Налили себе еле теплого кофе из разбитого автомата, сели. Дядя Фима откинулся на диване, запрокинув голову. Смотрел на потолок и глубоко дышал, успокаиваясь. Остальные, не двигаясь, глядели в иллюминатор на звезды.
— Как Питер? — наконец спросила Бой-Баба.
Тадефи махнула рукой:
— Что Питер! Он убежден, что всем принес несчастье. Ничего другого от него не добиться. Что ни спроси — молчит, как покойник. — Тадефи аккуратно опустилась в кресло и сложила руки на коленях. — Но я уверена, что знает он гораздо больше, чем говорит.
— Что же он может знать? — повернулась к ней Бой-Баба. — Ты думаешь, Кок ему что-то сказал перед смертью?
Тадефи кивнула:
— И теперь он боится говорить, чтобы не приманить смерть к себе. Ох, непросто все…
* * *Тадефи держала Питера за руку. От другой его руки шла к аппарату трубка капельницы. Компьютерщик лежал в капсуле, укрытый по шею серебристым полотном теплоизоляции.

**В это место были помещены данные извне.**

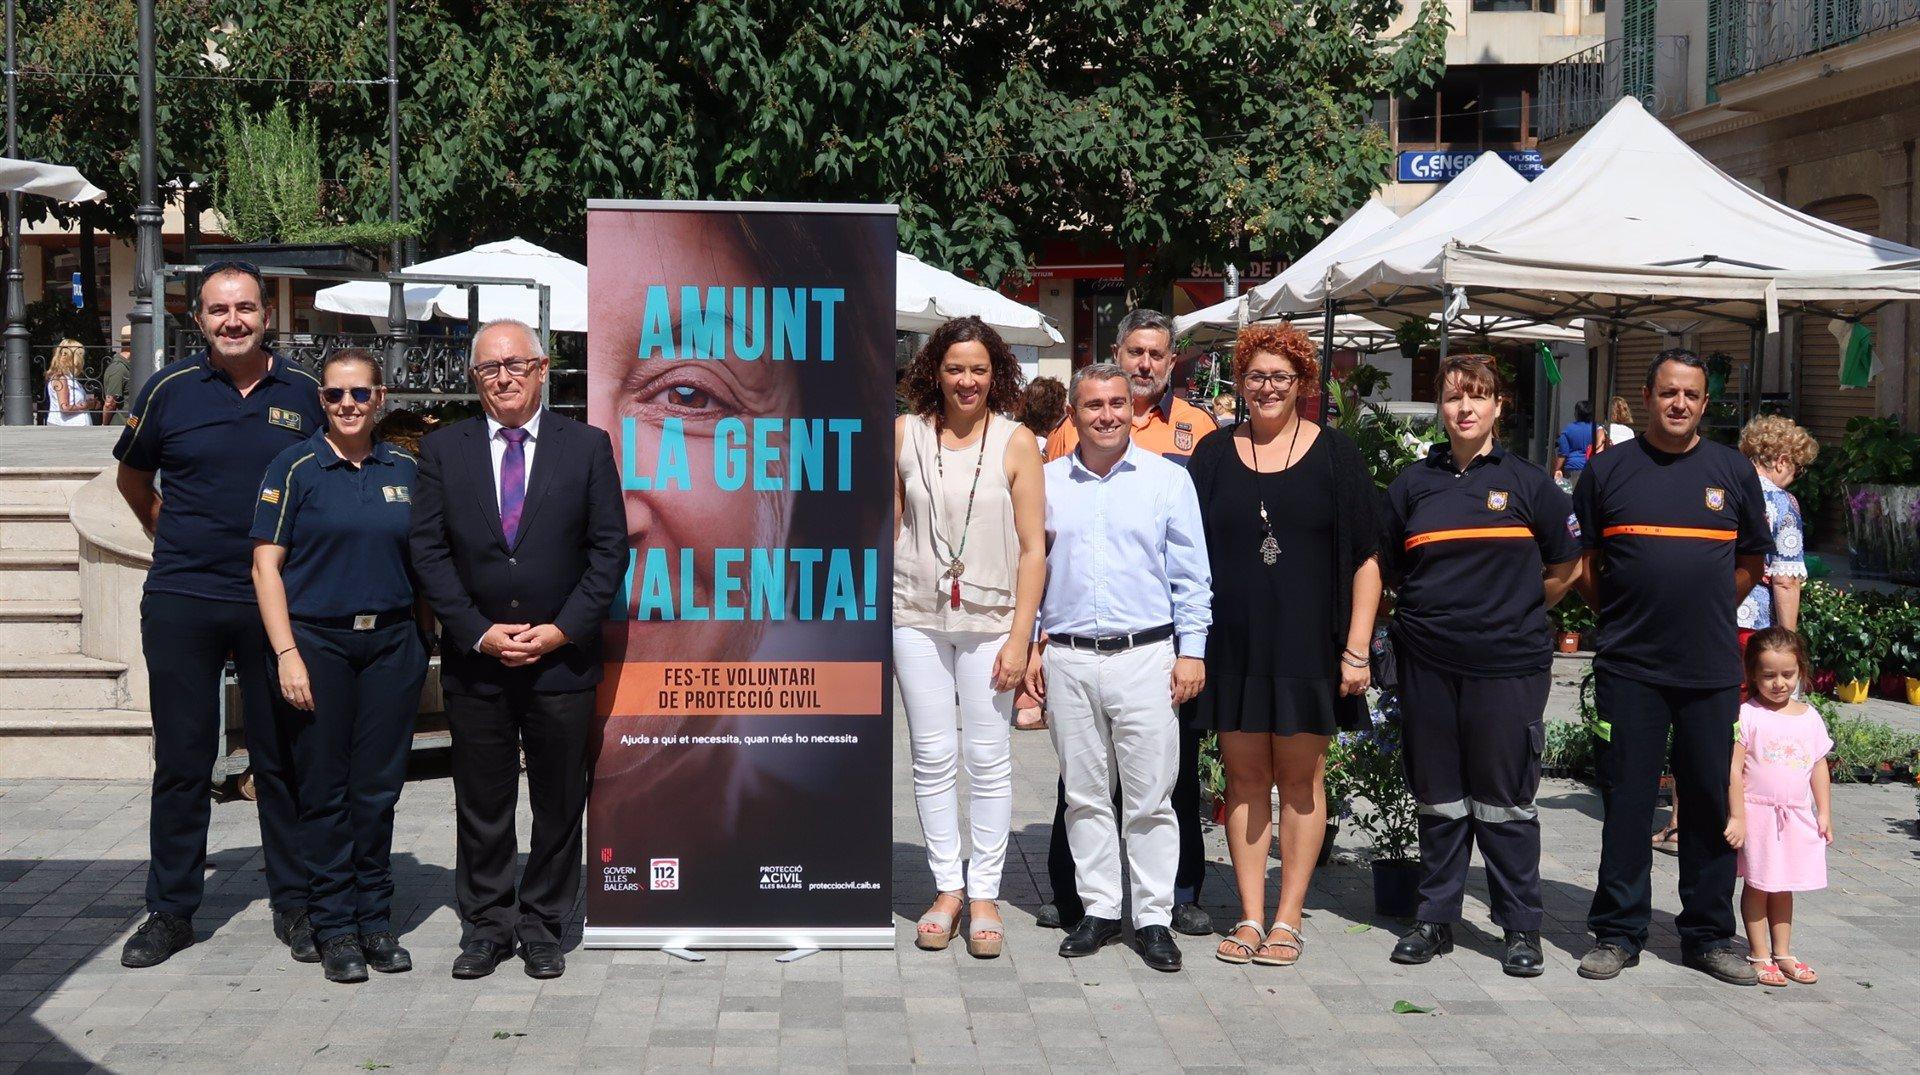 El Govern inicia una campaña para encontrar voluntarios de Protección Civil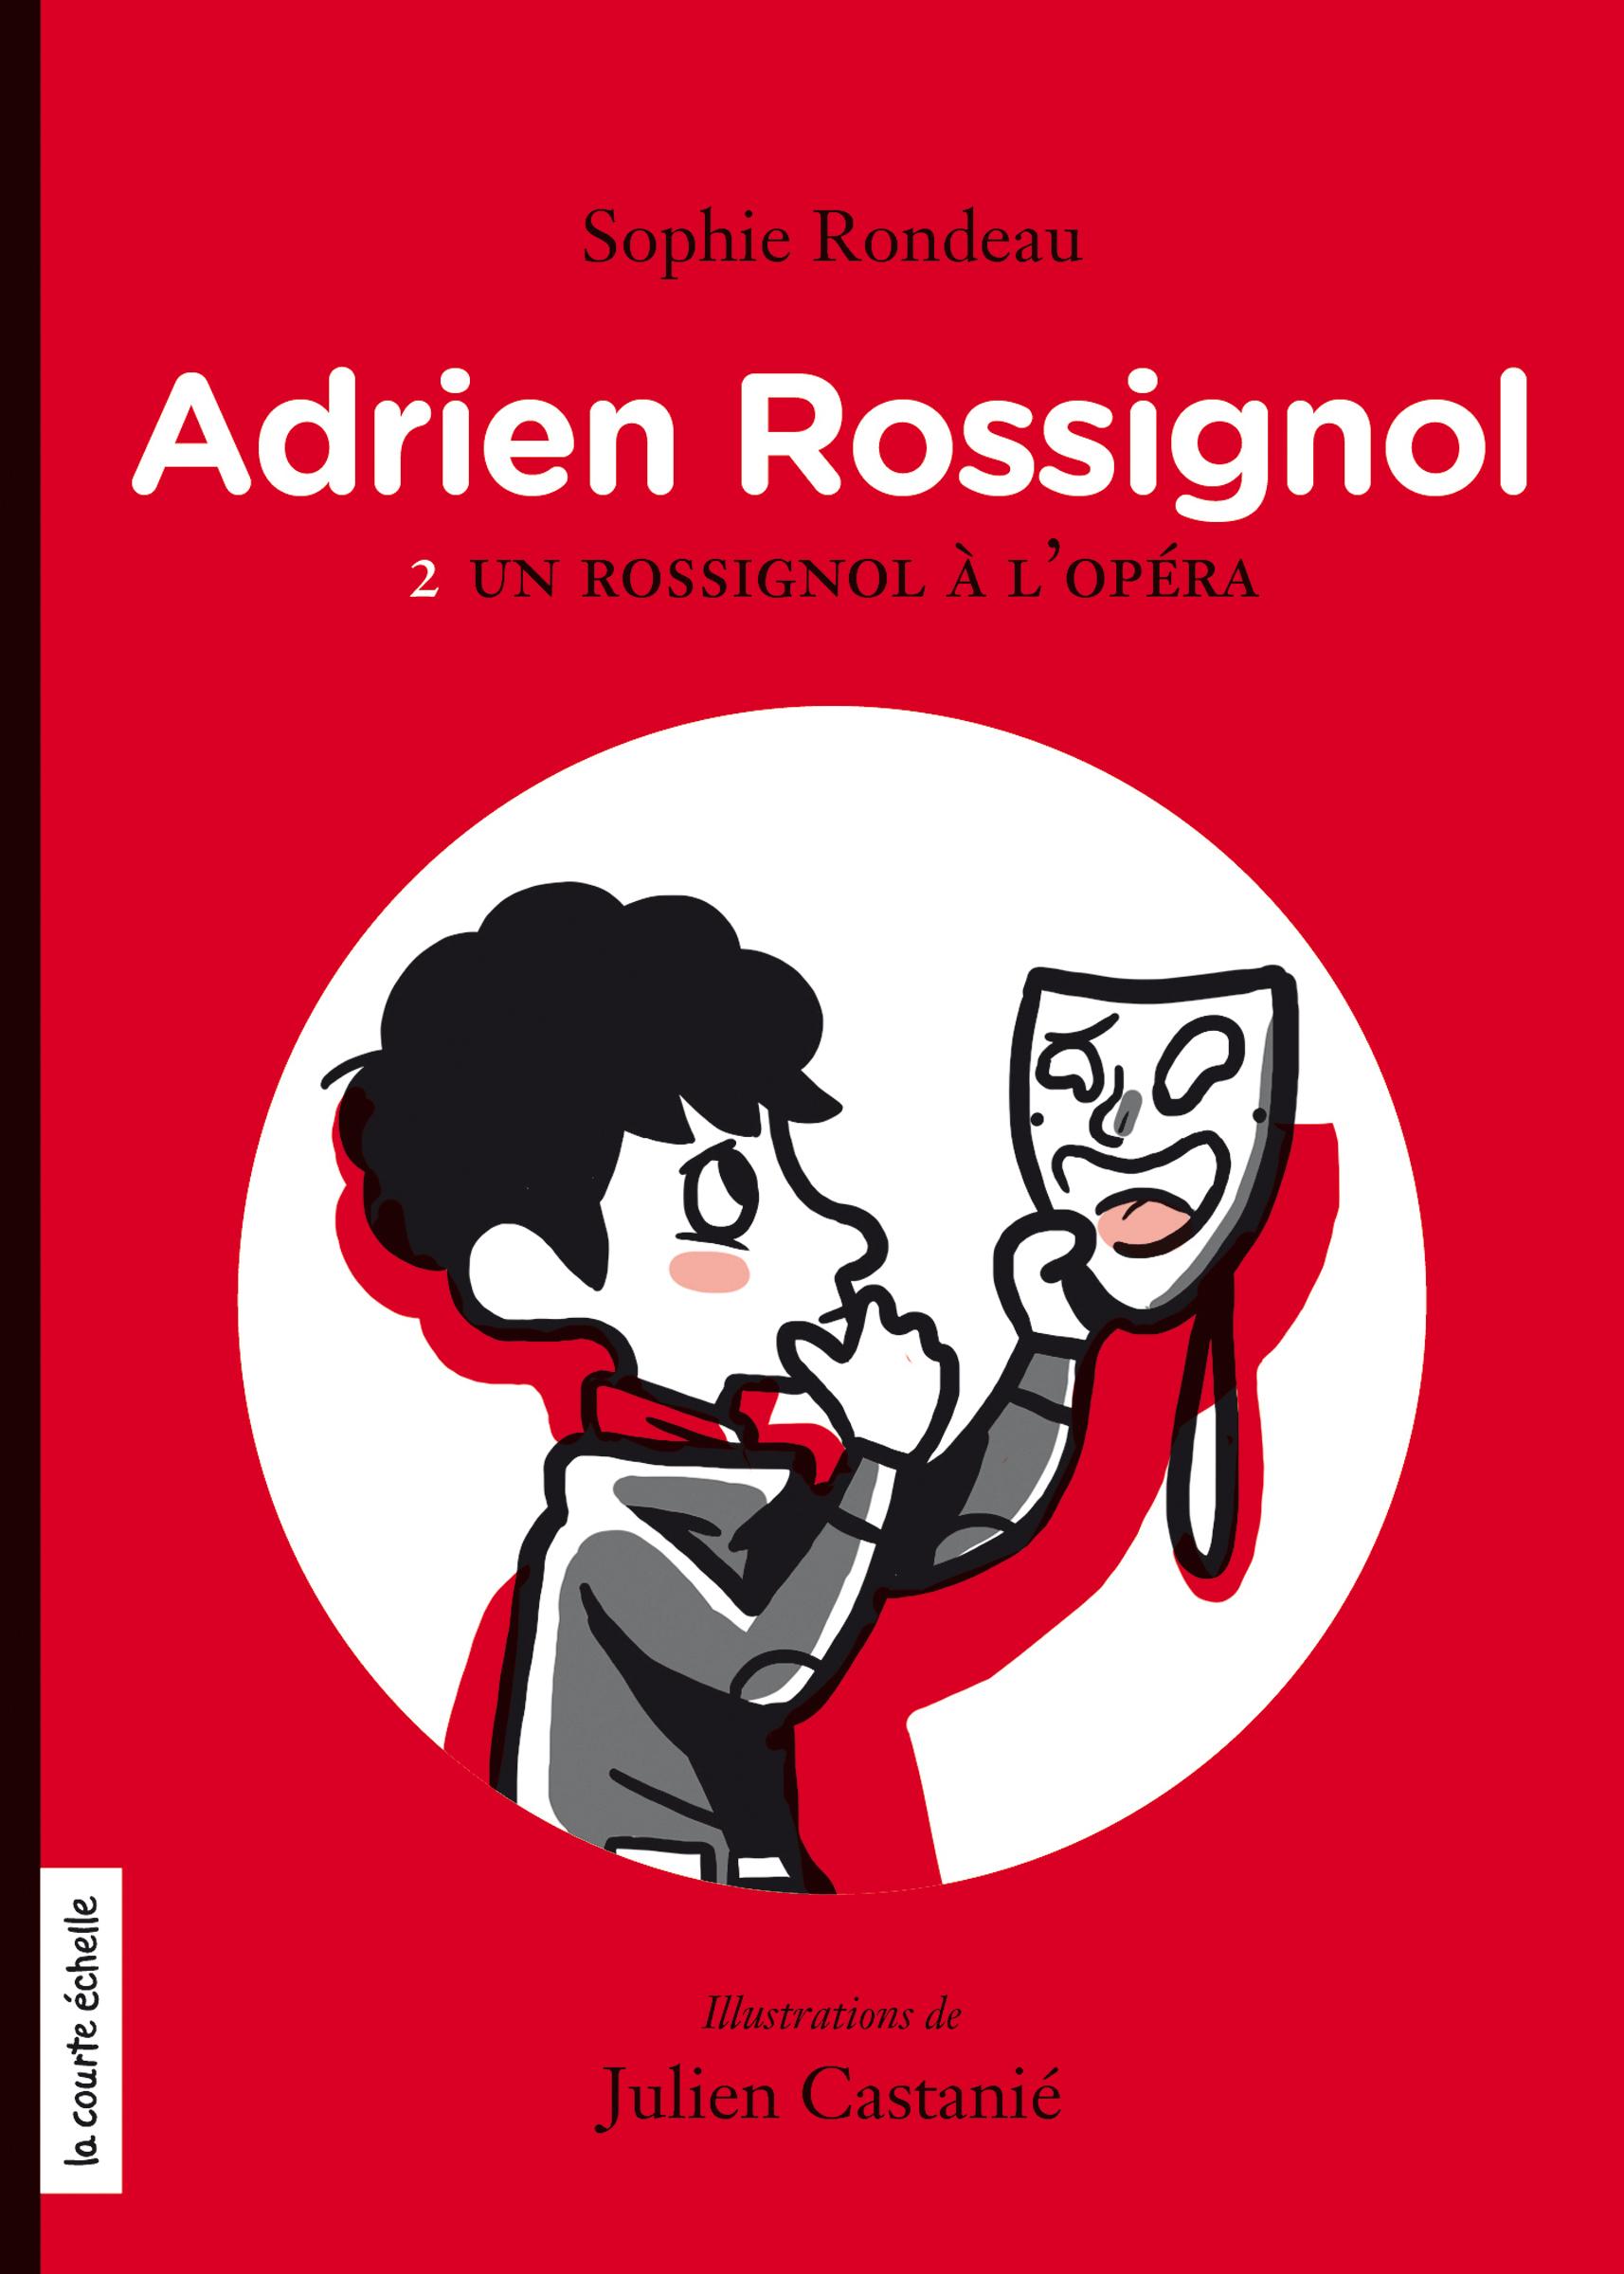 Un Rossignol a? l'ope?ra, Adrien Rossignol, tome 2

— Как курица в фольге в морозилке, — прошептал он и криво улыбнулся. Анестезия уже начала действовать, хотя и медленно, и с каждой минутой Питер соловел и все больше заговаривался.
Больной Майер по-прежнему лежал в капитанском отсеке. Штурман Йос разбирал бумаги инспектора. Живых на вахте, дядя Фима у себя, таращится на экраны. На них сейчас смотрит, наверное. Прийти проводить Питера смогла только Бой-Баба.
Не отпуская его руки, Тадефи повернулась к аппарату, но Питер приподнял вторую руку:
— Подождите! По… жалуйста.
Он повернул к ним голову. За последние два дня компьютерщик действительно стал маленьким, исхудав до костей, — обезвоженный организм уже не принимал ни воду, ни пищу. Под запавшими глазами Питера лежали темные круги, нос заострился, а складки губ углубились. Лицо его напоминало теперь маску печального клоуна, но глаза его горели странным огнем.
Питер протянул руку к Бой-Бабе. Та подошла ближе.
— Я… — Питер задыхался. Поднял воспаленные глаза на Тадефи. — Можно нам с ней остаться вдвоем? На минутку…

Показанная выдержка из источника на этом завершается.